The bill would have decontrolled encryption of up to 64 bits and required license
exceptions for recoverable products, encryption destined for certain commercial end-



users and governments of NATO, OECD, and ASEAN countries, technology with
interface mechanisms, and related technical assistance or data. Products would have
been eligible for an exception after a one-time technical review; the request for the
exception (including the review) was to be completed within 15 working days. The
bill would also have permitted exports of stronger encryption under a license
exception if the Secretary of Commerce determined that the product was exportable
under the EAA or a new public-private Encryption Export Advisory Board
determined (and the Secretary agreed) that such products were generally or publicly
available, or a comparable product would soon be available abroad (subject to
presidential override on national security grounds). While a decision by the Secretary
to disapprove an availability finding by the advisory board would have been subject
to judicial review, a presidential national security override would not have been. A
technical review and 15-day processing period would also have applied to these items.
In addition, DOC license approvals for over 64-bit encryption would have been
grandfathered.
The bill would have directed the National Institute of Standards and Technology
to adopt an Advanced Encryption Standard by January 1, 2002, after which time the
Secretary of Commerce could no longer impose encryption export controls on items
that incorporated the new standard or an equivalent. These goods would be
exportable without restrictions, except for those restrictions permitted under the bill.
The bill would also have prohibited the Secretary of Commerce from taking actions
that had the effect of imposing government-designed encryption standards on the
private sector by restricting encryption exports and from imposing any reporting
requirements on encryption products that were not subject to export controls or
license exceptions.
S. 798 also contained provisions regarding the domestic use of encryption,
government procurement, the development of the Advanced Encryption Standard (in
addition those described above), and the improvement of the government’s
technological capability.
S. 864, as Introduced
While not primarily focused on export controls, S. 854, the Electronic Rights for
the 21st Century Act, introduced April 21 by Mr.

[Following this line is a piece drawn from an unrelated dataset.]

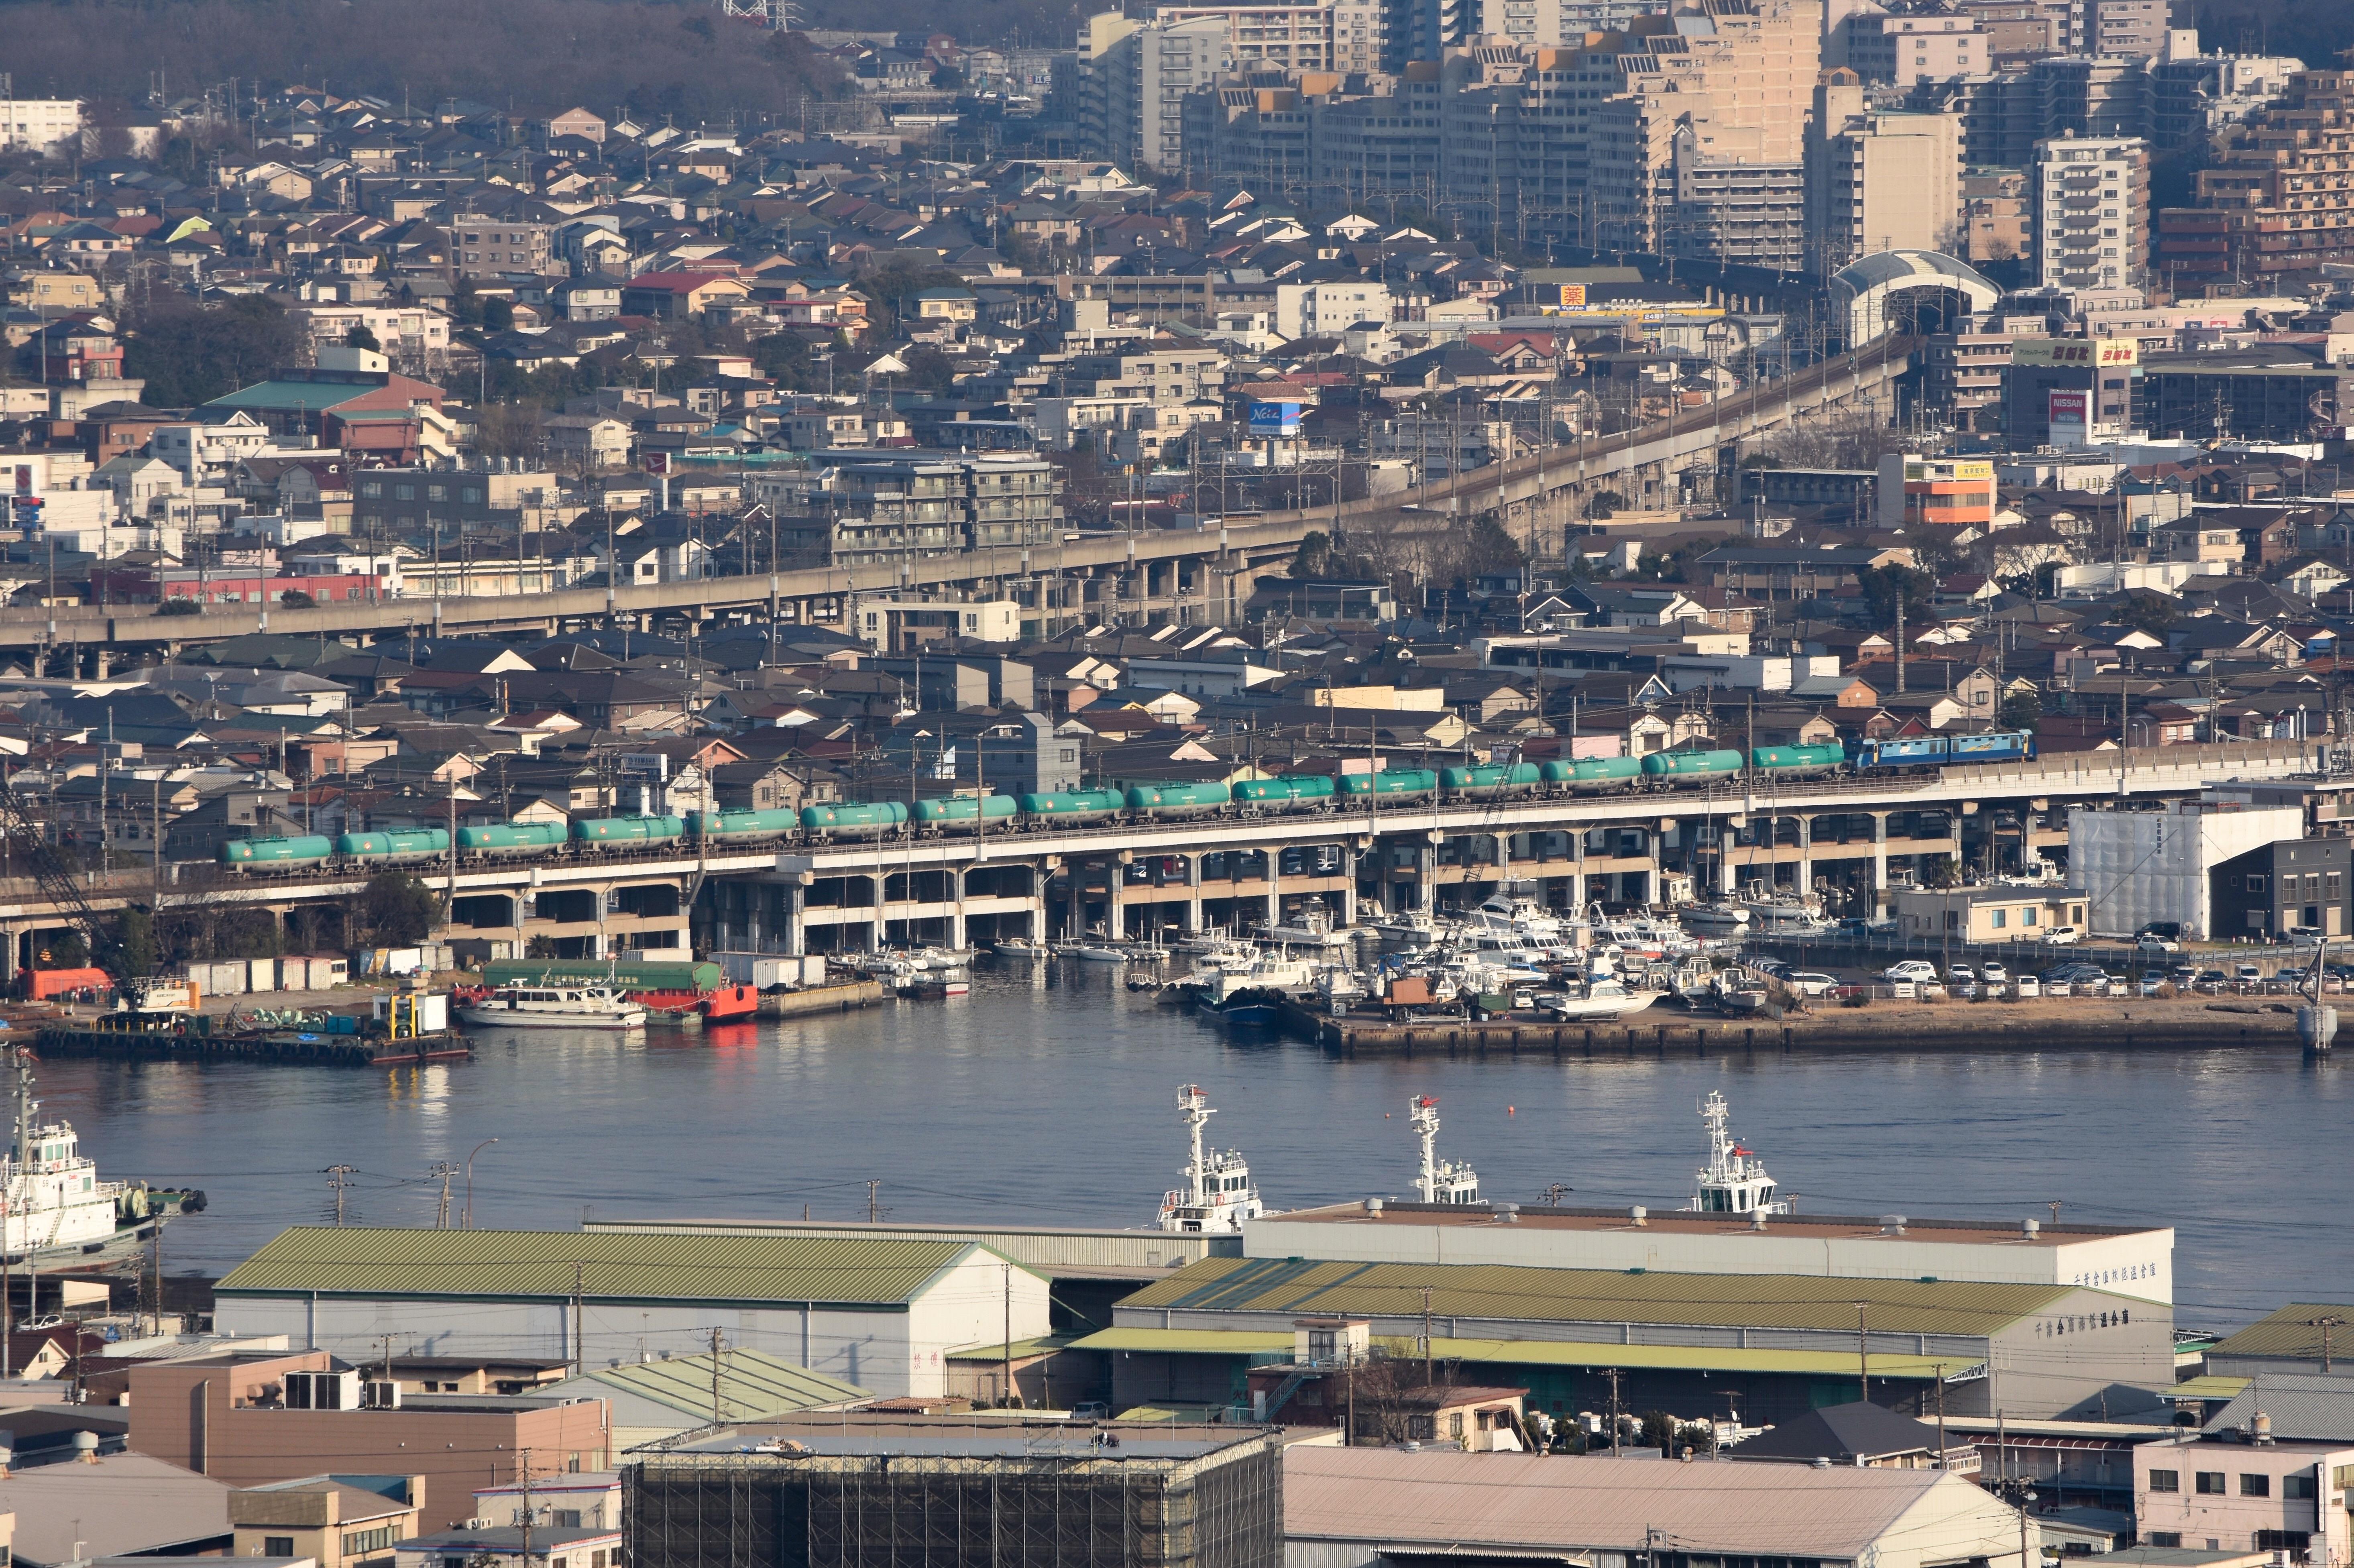 f:id:Nagaoka103:20190302214201j:image

Leahy and referred to the Senate
Committee on the Judiciary, would have made it lawful for any U.S. person in a
foreign country to use, develop, manufacture, sell, distribute, or import any
encryption product, regardless of the encryption algorithm selected, encryption key
length chosen, existence of key recovery or other plaintext access capability, or
implementation or medium used (§ 201(a)). It would also have generally prohibited
government-mandated key escrow or key recovery by not allowing any U.S. agency,
among other things, to “condition any approval” on certain requirements involving a
decryption key, access to a decryption key, key recovery information, or other
plaintext access capability (§ 201(b)).